Categories
python python-3.x string

Convert bytes to a string

3397

I captured the standard output of an external program into a bytes object:

>>> from subprocess import *
>>> command_stdout = Popen(['ls', '-l'], stdout=PIPE).communicate()[0]
>>>
>>> command_stdout
b'total 0\n-rw-rw-r-- 1 thomas thomas 0 Mar  3 07:03 file1\n-rw-rw-r-- 1 thomas thomas 0 Mar  3 07:03 file2\n'

I want to convert that to a normal Python string, so that I can print it like this:

>>> print(command_stdout)
-rw-rw-r-- 1 thomas thomas 0 Mar  3 07:03 file1
-rw-rw-r-- 1 thomas thomas 0 Mar  3 07:03 file2

I tried the binascii.b2a_qp() method, but got the same bytes object again:

>>> binascii.b2a_qp(command_stdout)
b'total 0\n-rw-rw-r-- 1 thomas thomas 0 Mar  3 07:03 file1\n-rw-rw-r-- 1 thomas thomas 0 Mar  3 07:03 file2\n'

How do I convert the bytes object to a str with Python 3?

4

  • 133

    why doesn’t str(text_bytes) work? This seems bizarre to me.

    Mar 14, 2019 at 22:25

  • 53

    @CharlieParker Because str(text_bytes) can’t specify the encoding. Depending on what’s in text_bytes, text_bytes.decode('cp1250)` might result in a very different string to text_bytes.decode('utf-8').

    Mar 31, 2019 at 17:32


  • 14

    so str function does not convert to a real string anymore. One HAS to say an encoding explicitly for some reason I am to lazy to read through why. Just convert it to utf-8 and see if ur code works. e.g. var = var.decode('utf-8')

    Apr 22, 2019 at 23:32


  • 15

    @CraigAnderson: unicode_text = str(bytestring, character_encoding) works as expected on Python 3. Though unicode_text = bytestring.decode(character_encoding) is more preferable to avoid confusion with just str(bytes_obj) that produces a text representation for bytes_obj instead of decoding it to text: str(b'\xb6', 'cp1252') == b'\xb6'.decode('cp1252') == '¶' and str(b'\xb6') == "b'\\xb6'" == repr(b'\xb6') != '¶'

    – jfs

    Apr 12, 2020 at 5:11

5231

Decode the bytes object to produce a string:

>>> b"abcde".decode("utf-8") 
'abcde'

The above example assumes that the bytes object is in UTF-8, because it is a common encoding.
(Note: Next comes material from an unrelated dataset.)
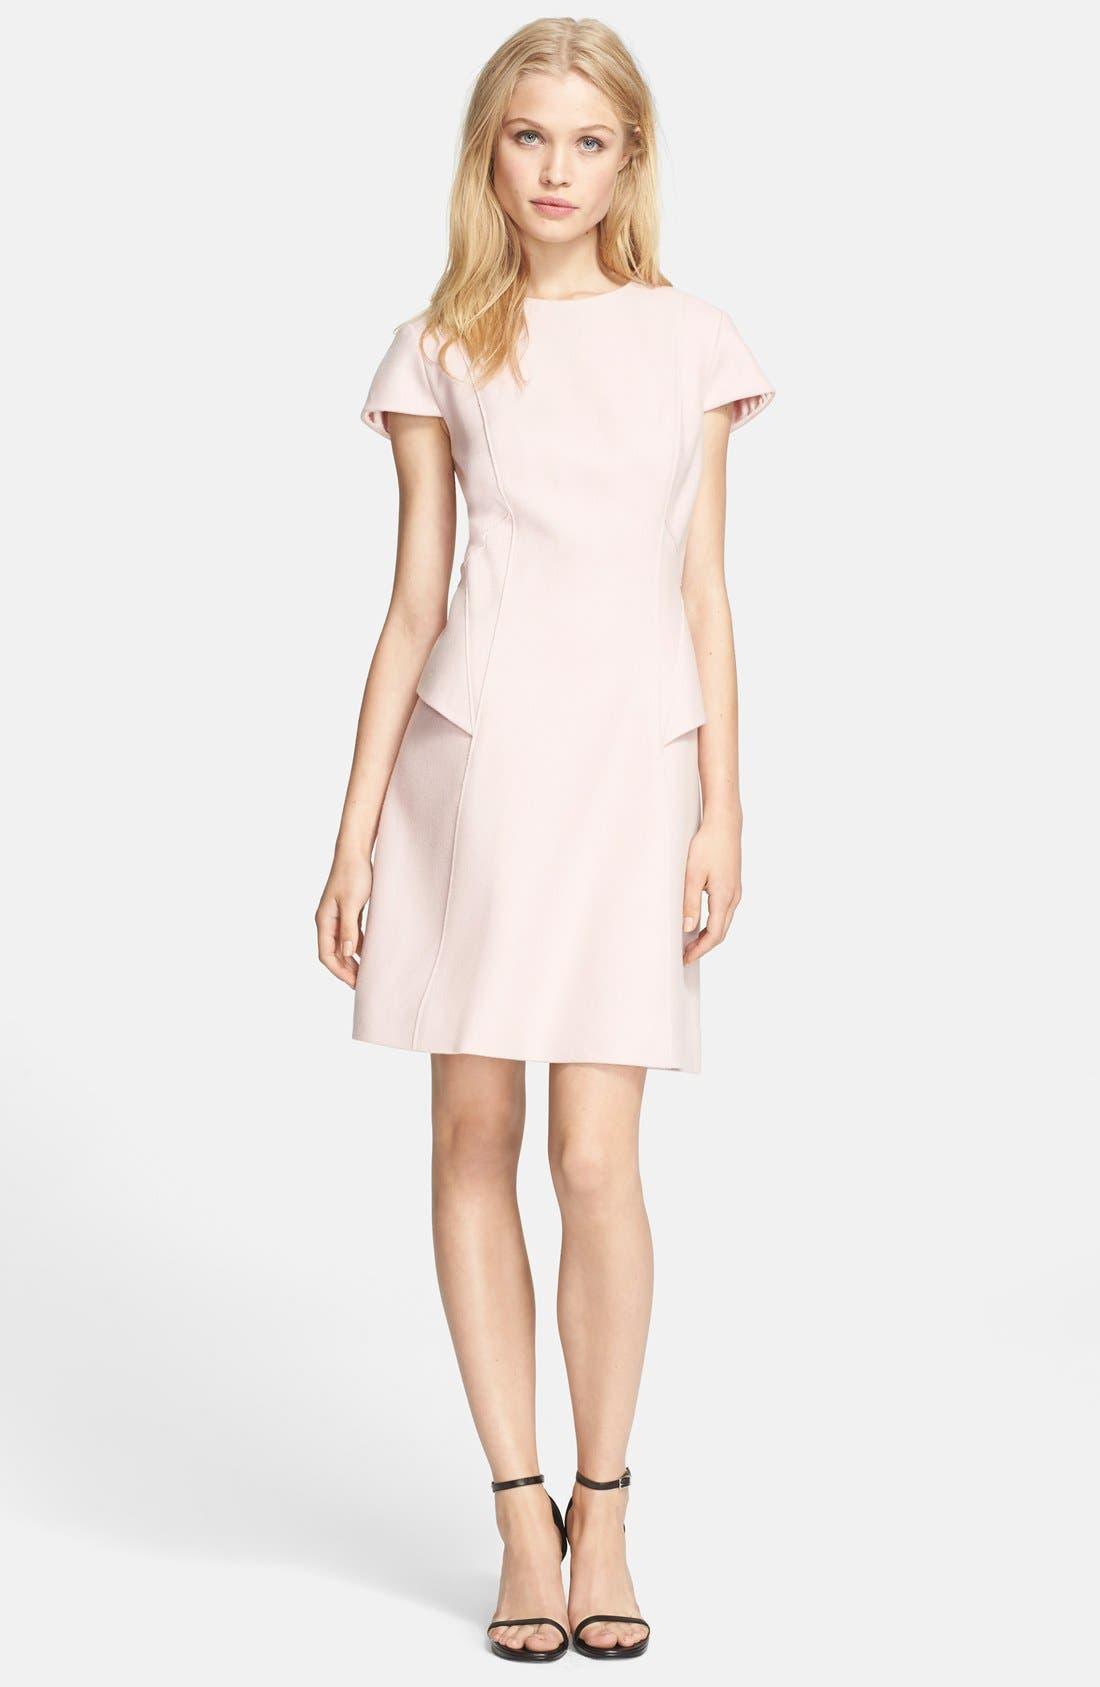 Alternate Image 1 Selected - Ted Baker London 'Coralen' Structured Wool Blend Sheath Dress
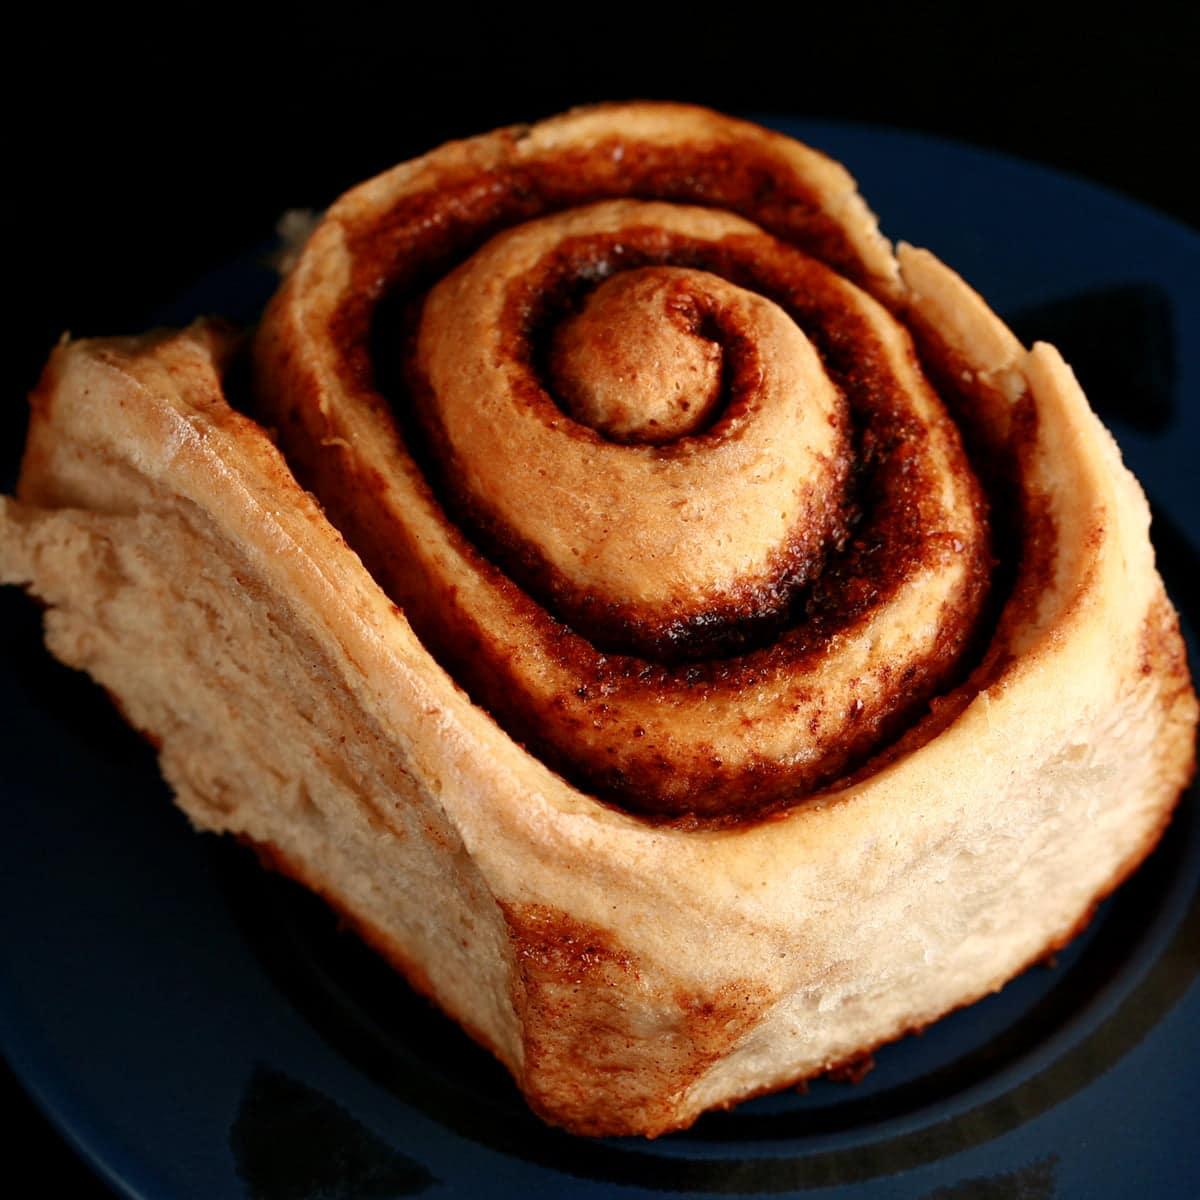 A single chai cinnamon bun on a plate.

However, you should use the encoding your data is actually in!

18

  • 85

    Using "windows-1252" is not reliable either (e.g., for other language versions of Windows), wouldn’t it be best to use sys.stdout.encoding?

    – nikow

    Jan 3, 2012 at 15:20

  • 20

    Maybe this will help somebody further: Sometimes you use byte array for e.x. TCP communication. If you want to convert byte array to string cutting off trailing ‘\x00′ characters the following answer is not enough. Use b’example\x00\x00’.decode(‘utf-8’).strip(‘\x00’) then.

    – Wookie88

    Apr 16, 2013 at 13:27

  • 3

    I’ve filled a bug about documenting it at bugs.python.org/issue17860 – feel free to propose a patch. If it is hard to contribute – comments how to improve that are welcome.

    Apr 28, 2013 at 14:40

  • 67

    In Python 2.7.6 doesn’t handle b"\x80\x02\x03".decode("utf-8") -> UnicodeDecodeError: 'utf8' codec can't decode byte 0x80 in position 0: invalid start byte.

    – martineau

    May 18, 2014 at 20:12

  • 19

    If the content is random binary values, the utf-8 conversion is likely to fail. Instead see @techtonik answer (below) stackoverflow.com/a/27527728/198536

    – wallyk

    May 27, 2015 at 21:21

374

Decode the byte string and turn it in to a character (Unicode) string.


Python 3:

encoding = 'utf-8'
b'hello'.decode(encoding)

or

str(b'hello', encoding)

Python 2:

encoding = 'utf-8'
'hello'.decode(encoding)

or

unicode('hello', encoding)

7

  • 5

    On Python 3, what if the string is in a variable?

    – Alaa M.

    Feb 27, 2020 at 14:47

  • 2

    @AlaaM.: the same. If you have variable = b'hello', then unicode_text = variable.decode(character_encoding)

    – jfs

    Apr 12, 2020 at 5:03

  • 5

    for me, variable = variable.decode() automagically got it into a string format I wanted.

    – Alex Hall

    Jul 19, 2020 at 3:41


  • 5

    @AlexHall> fwiw, you might be interested to know that automagic uses utf8, which is the default value for encoding arg if you do not supply it. See bytes.decode

    – spectras

    Apr 17, 2021 at 11:12

  • Using any decoding gives me: AttributeError: ‘str’ object has no attribute ‘decode’

    – Seth

    May 27 at 17:43

249

This joins together a list of bytes into a string:

>>> bytes_data = [112, 52, 52]
>>> "".join(map(chr, bytes_data))
'p44'

11

  • 6

    Thank you, your method worked for me when none other did. I had a non-encoded byte array that I needed turned into a string. Was trying to find a way to re-encode it so I could decode it into a string. This method works perfectly!

    May 10, 2014 at 0:28

  • 7

    @leetNightshade: yet it is terribly inefficient. If you have a byte array you only need to decode.

    – Martijn Pieters

    Sep 1, 2014 at 16:25

  • 20

    @Martijn Pieters I just did a simple benchmark with these other answers, running multiple 10,000 runs stackoverflow.com/a/3646405/353094 And the above solution was actually much faster every single time. For 10,000 runs in Python 2.7.7 it takes 8ms, versus the others at 12ms and 18ms. Granted there could be some variation depending on input, Python version, etc. Doesn’t seem too slow to me.

    Sep 1, 2014 at 17:06

  • 10

    @Sasszem: this method is a perverted way to express: a.decode('latin-1') where a = bytearray([112, 52, 52]) (“There Ain’t No Such Thing as Plain Text”. If you’ve managed to convert bytes into a text string then you used some encoding—latin-1 in this case)

    – jfs

    Nov 16, 2016 at 3:16

  • 8

    For python 3 this should be equivalent to bytes([112, 52, 52]) – btw bytes is a bad name for a local variable exactly because it’s a p3 builtin

    Oct 11, 2017 at 15:14